# [AIM OF THE TASK]
Some entries follow. Reproduce exactly the lines starting at the one with "50Pcs Adjustable Potentiometer" and stopping after the one with "mitsubishi 4g63 engine".

# [RECORDS]
Content starts
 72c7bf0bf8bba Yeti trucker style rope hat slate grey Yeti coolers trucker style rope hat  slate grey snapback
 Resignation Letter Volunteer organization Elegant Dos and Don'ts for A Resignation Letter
Content ends
Content starts
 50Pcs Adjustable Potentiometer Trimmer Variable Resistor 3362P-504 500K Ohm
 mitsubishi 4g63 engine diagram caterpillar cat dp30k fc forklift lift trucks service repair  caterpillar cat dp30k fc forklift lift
Content ends
# [OUTPUT FOR THIS EXERCISE]
 50Pcs Adjustable Potentiometer Trimmer Variable Resistor 3362P-504 500K Ohm
 mitsubishi 4g63 engine diagram caterpillar cat dp30k fc forklift lift trucks service repair  caterpillar cat dp30k fc forklift lift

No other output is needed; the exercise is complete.